Latest revision as of 11:34, 1 May 2012

Instructor and Venue

Description

Large datasets are difficult to work with for several reasons. They are difficult to visualize, and it is difficult to understand what sort of errors and biases are present in them. They are computationally expensive to process, and often the cost of learning is hard to predict - for instance, and algorithm that runs quickly in a dataset that fits in memory may be exorbitantly expensive when the dataset is too large for memory. Large datasets may also display qualitatively different behavior in terms of which learning methods produce the most accurate predictions.

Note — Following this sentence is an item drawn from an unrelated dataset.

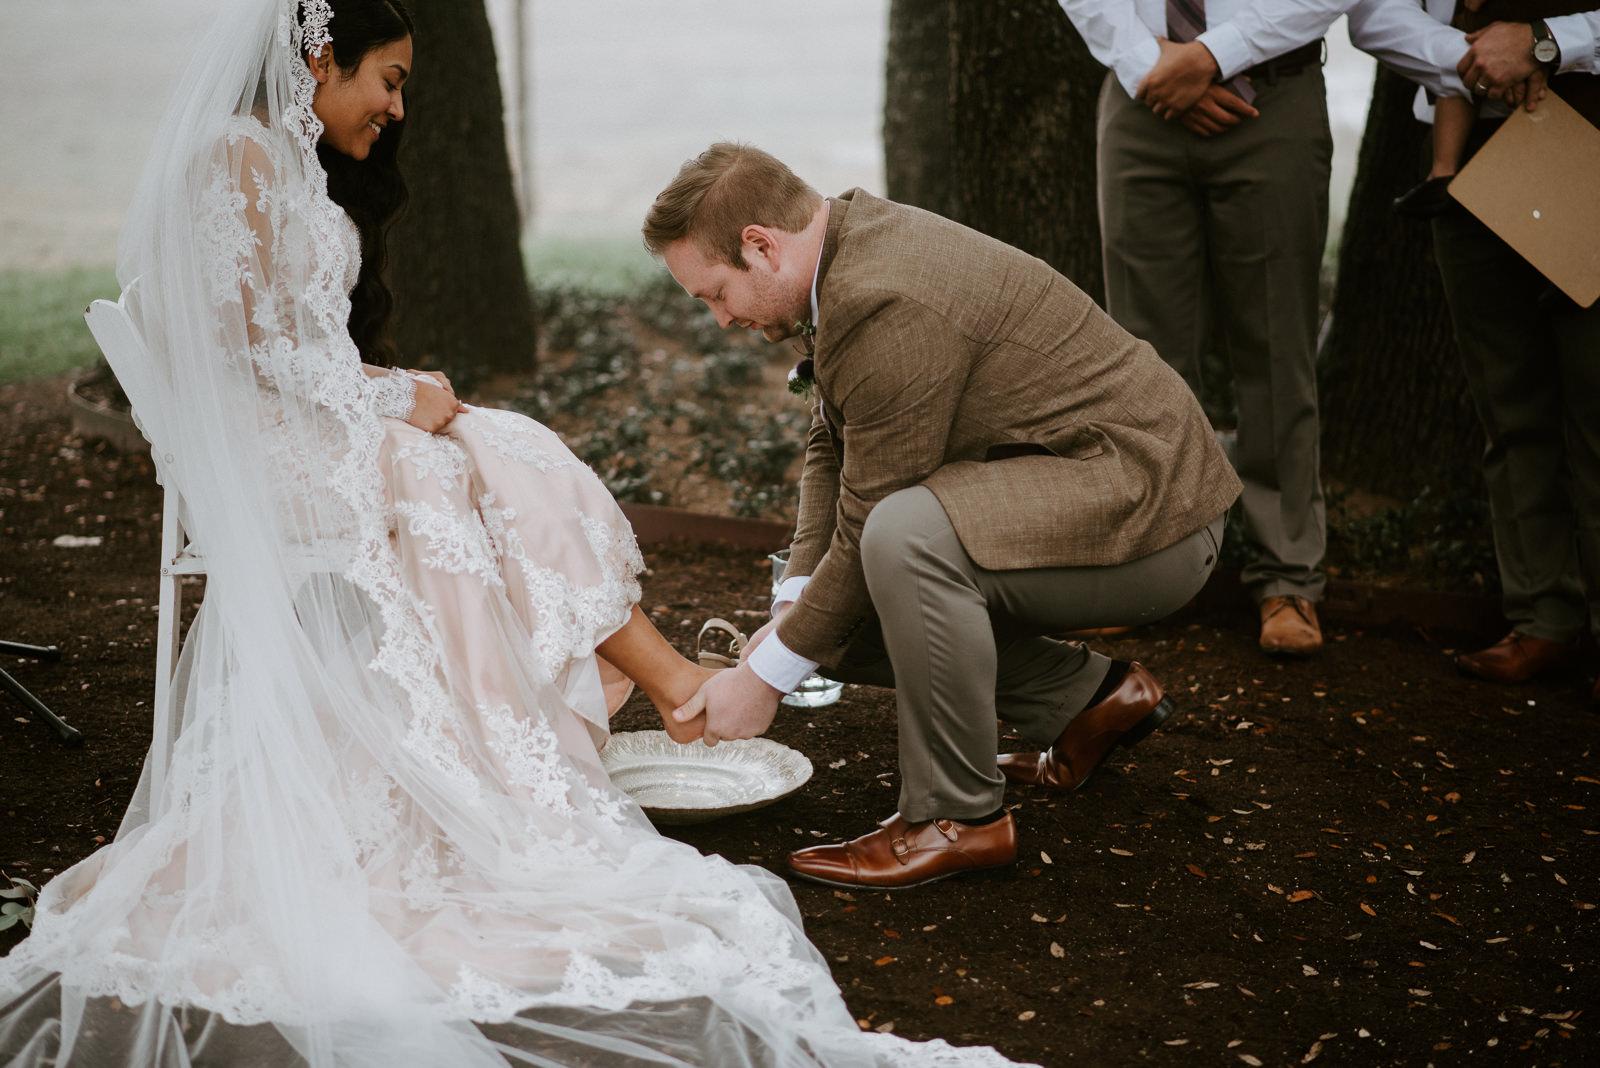 feet washing ritual at wedding ceremony

This course is intended to provide a student practical knowledge of, and experience with, the issues involving large datasets. Among the issues considered are: scalable learning techniques, such as streaming machine learning techniques; parallel infrastructures such as map-reduce; practical techniques for reducing the memory requirements for learning methods, such as feature hashing and Bloom filters; and techniques for analysis of programs in terms of memory, disk usage, and (for parallel methods) communication complexity.

The class will include frequent programming assignments, and a one-month short project chosen by the student. The project should be relevant to the course - e.g., to compare the scalability of variant learning algorithms on datasets.

Syllabus

Prerequisites

An introductory course in machine learning, like 10-601 or 10-701, is a prerequisite or a co-requisite. If you plan to take this course and 10-601 concurrently please tell the instructor.

The course will include several substantial programming assignments, so an additional prerequisite is 15-210, or 15-214, or comparable familiarity with Java and good programming skills.

Undergraduates need permission of the instructor to enroll.

Datasets

Some datasets will be provided by the instructors to use in the course.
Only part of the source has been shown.